---- Data for analysis

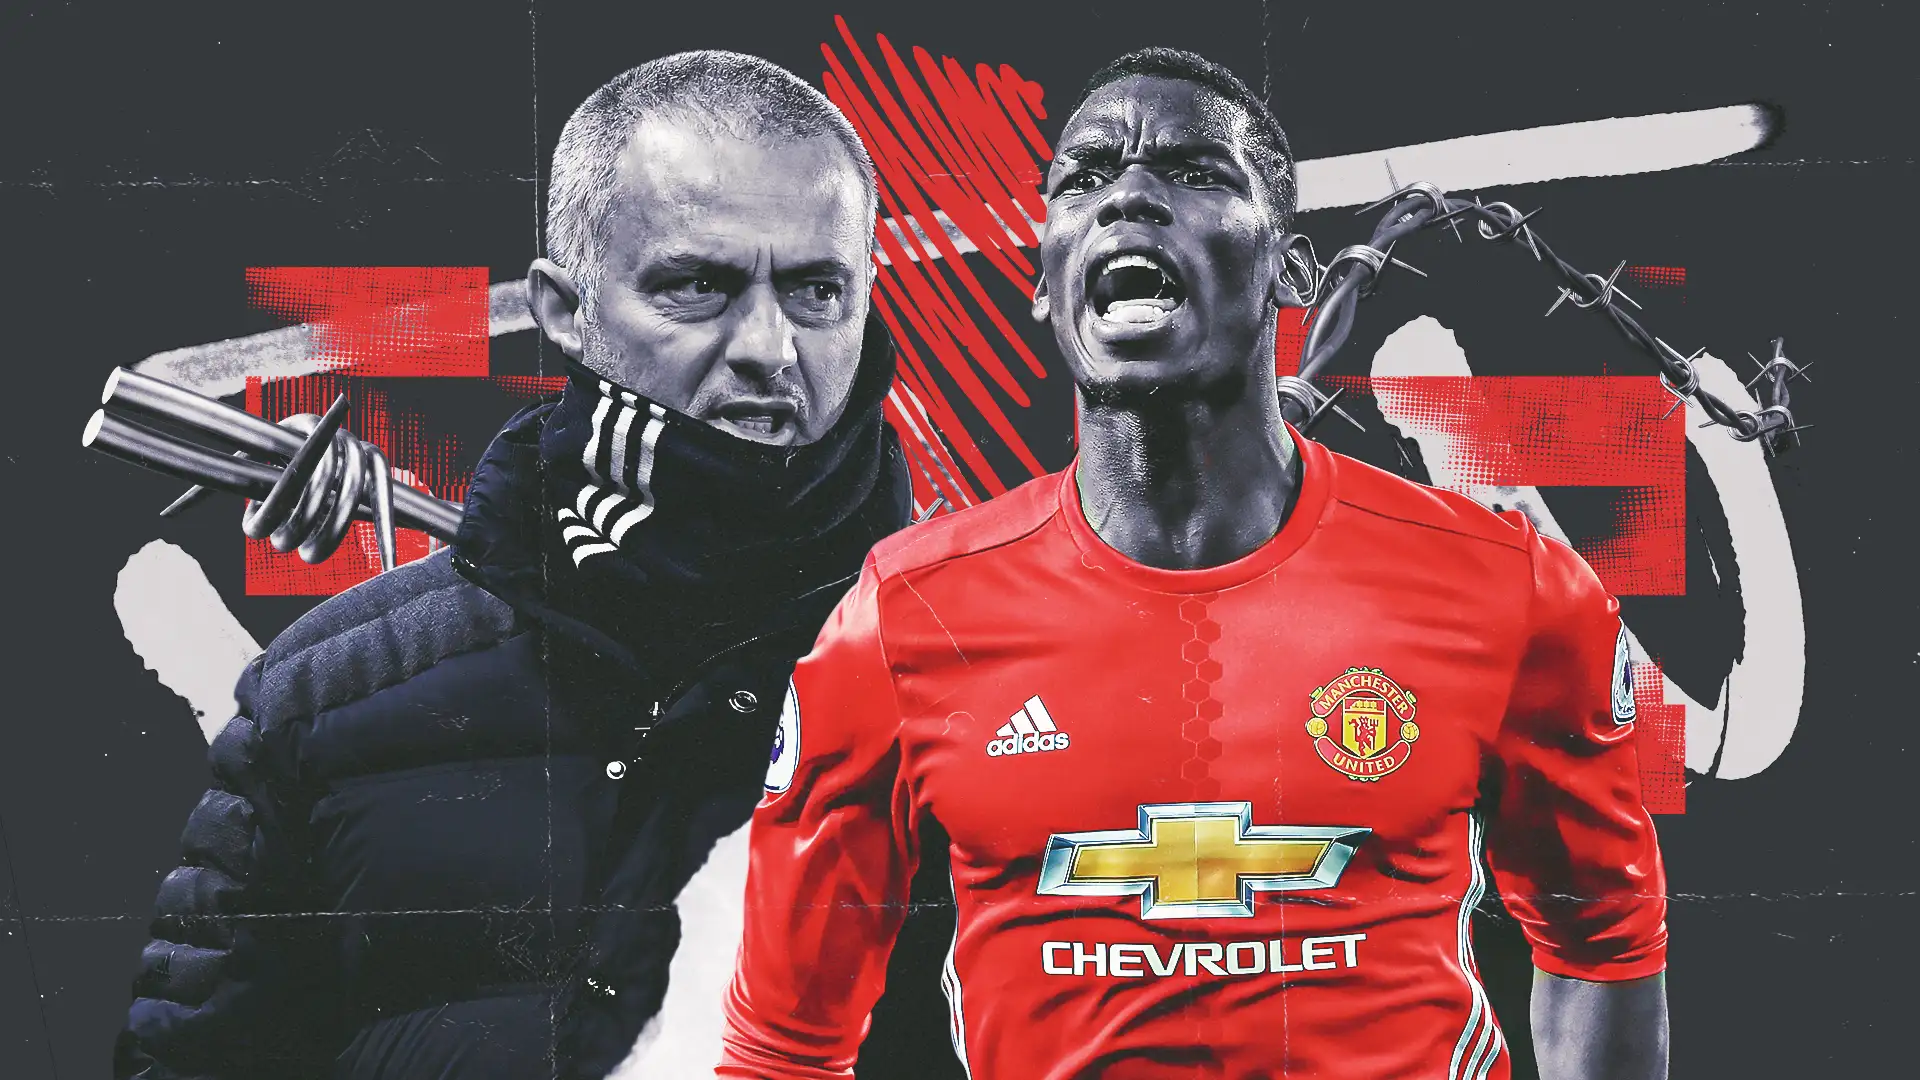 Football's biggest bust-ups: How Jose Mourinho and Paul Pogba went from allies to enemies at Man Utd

--------
---- Data for analysis

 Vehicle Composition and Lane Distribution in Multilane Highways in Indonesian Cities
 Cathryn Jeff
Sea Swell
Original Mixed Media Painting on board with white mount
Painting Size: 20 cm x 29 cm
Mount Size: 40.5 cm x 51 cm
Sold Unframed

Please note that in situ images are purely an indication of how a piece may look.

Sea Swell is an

--------

What you have to do.
Copy each line from the data above that includes "Size".

Reply.
Painting Size: 20 cm x 29 cm
Mount Size: 40.5 cm x 51 cm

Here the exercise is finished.